In un’organizzazione tipica la proprietà (o chi per lei) si affida all’IT (dipendente, consulente o mix) per la gestione dei dati e della loro sicurezza (intesa sia come integrità sia come protezione).
L’IT sa benissimo che usabilità e sicurezza sono due vettori uguali e contrari; compito del bravo IT è di mediare le due cose con le necessità aziendali e, spesso, con i capricci di alcuni utenti.
Fino a poco tempo fa la soluzione della sicurezza informatica era quasi banale perché bastava stabilire un perimetro con accessi controllati: i computer all’interno erano sicuri, quelli all’esterno insicuri e alle porte si mettevano dei guardiani feroci (firewall, proxy e assimilati).
Alcuni fattori tecnologici stanno rendendo velocemente obsoleto questo modello; tra questi si possono citare le chiavette USB, i dispositivi portatili leggeri (telefoni, netbook, tavolette, console portatili) e la proliferazione di servizi online di storage e collaboration (Dropbox e Google Office per ricordare due esempi).
Alla tecnologia si affiancano anche i fattori umani, come il social engineering da un lato e la tendenza di alcune persone IT a non volersi aggiornare dall’altro.
Risultato? Il caos.
L’IT non aggiorna a Windows 7 magari perché non ha il budget e/o perché dovrebbe imparare tutto da zero. L’utente che si crede un SysAdmin perché riesce ad installare la stampante a casa sua senza dover riformattare il PC inizia a pontificare teorie assurde. Il power user che collega un po’ di device alla LAN e al PC aziendale, installando un sacco di driver e di crapware (avete idea di cosa installano iTunes o il software di gestione di Nokia?), trasferendo dati di lavoro e magari un po’ di malware. Il dirigente che accede alla mail aziendale via web dall’albergo e salva la password sul PC comune dell’hotel.
Ogni sei mese esce un nuovo dispositivo mobile leggero, tutti in azienda vorrebbero che il loro dispositivo mobile (notoriamente il migliore al mondo, checché ne dicano i colleghi, che non capiscono nulla di tecnologia) fosse interfacciabile con i sistemi aziendali. Tutti vorrebbero che il calendario (di cui non esiste un dannato standard!) del telefono fosse sincronizzato con quello del netbook e con quello del sistema aziendale.

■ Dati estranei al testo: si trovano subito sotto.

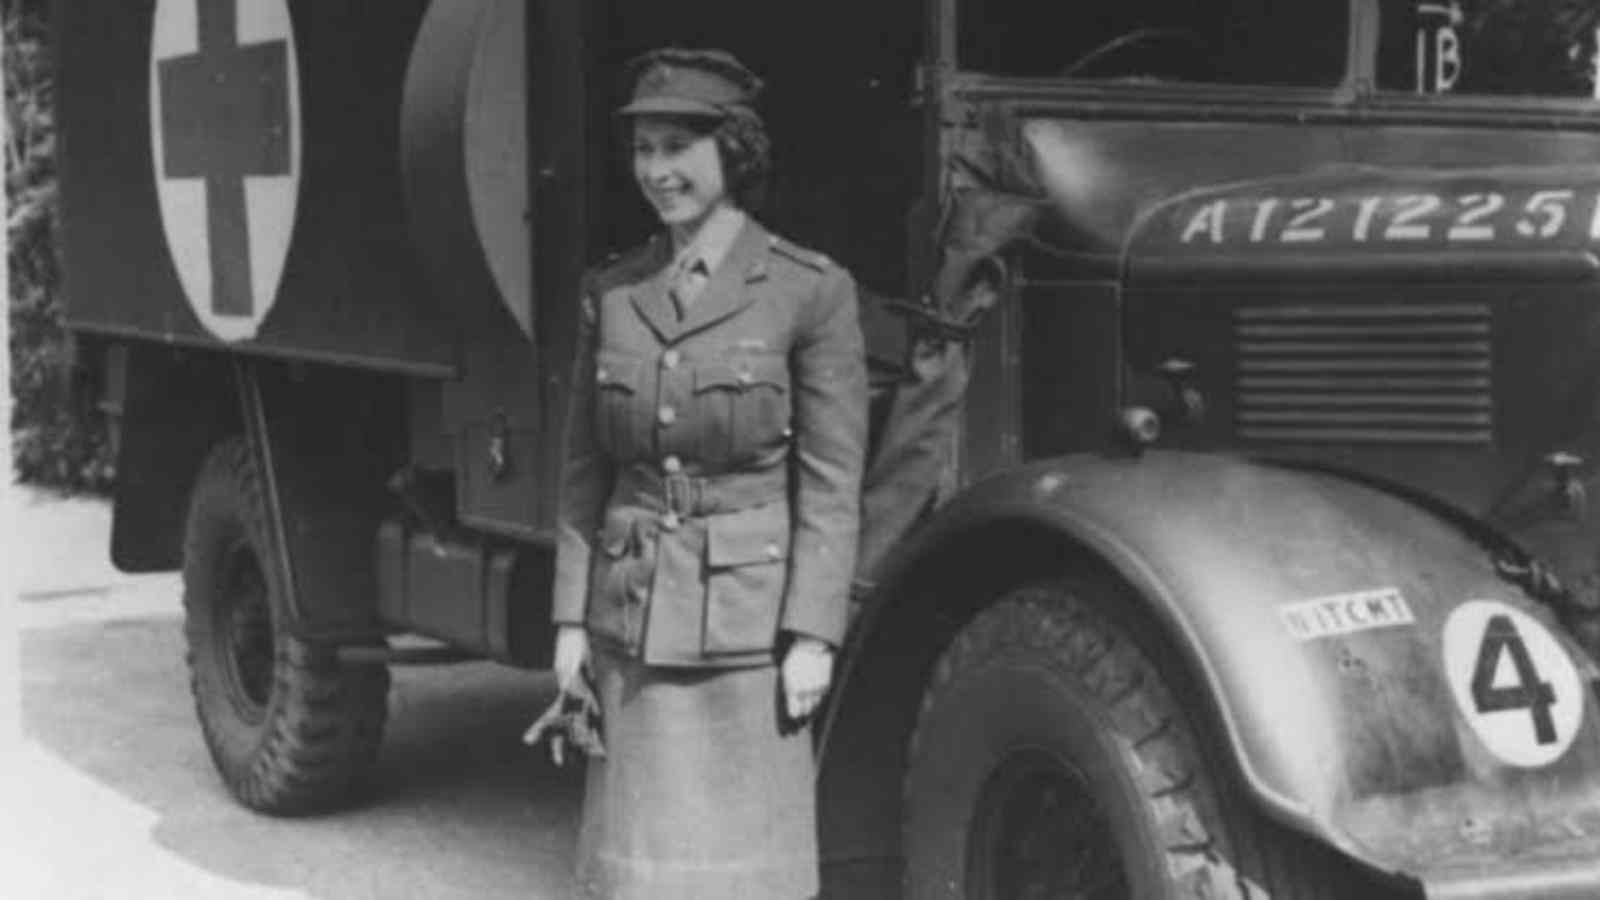 Queen Elizabeth II during the World War II

Piacerebbe a ciascuno poter leggere i documenti aziendali dal treno o da casa, ovviamente ognuno con una versione diversa di piattaforma e di release.
Nessuno pensa che i propri appuntamenti personali potrebbero essere letti da tutti a causa delle impostazioni di default della sincronizzazione, o che non è una bella cosa far transitare in chiaro dati aziendali su reti aperte o che se si chiede di cambiare password ogni tanto ci possono essere validi motivi.
“Ma io devo vedere i documenti anche quando sono in giro!” è il mantra di chi sostituisce troppe volte il verbo volere con dovere, guardando solamente al proprio orticello.
Se in un ufficio di poche persone è relativamente semplice e poco dispendioso cambiare le tecnologie, più l’azienda diventa grossa e più aumentano i problemi e i costi, spesso con un andamento geometrico.
Se sarebbe accettabile avere due client diversi di posta elettronica, è meno facile gestire diversi sistemi di programmi di tipo office, anche se molte realtà fanno di necessità (il budget) virtù e stringono i denti.
Al solito, un’intelligente mediazione è spesso la soluzione migliore. Da un lato, l’IT non deve dire NO per principio, deve restare costantemente aggiornato, ascoltare le istanze dei clienti/utenti e condividere le decisioni con loro. Dall’altro, gli utenti non possono considerare il PC e la LAN aziendale come quelli di casa, a cui possono connettere ogni idiozia che si trova in giro, debbono essere ragionevoli nelle richieste e devono essere istruiti sul valore dei dati che trattano, oltre che vaccinati con training ed esempi pratici contro le tecniche più banali di social engineering.
È difficile? Ovvio che lo è: se fosse facile non ci sarebbe l’IT, basterebbe lasciare che gli utenti facciano quello che vogliono.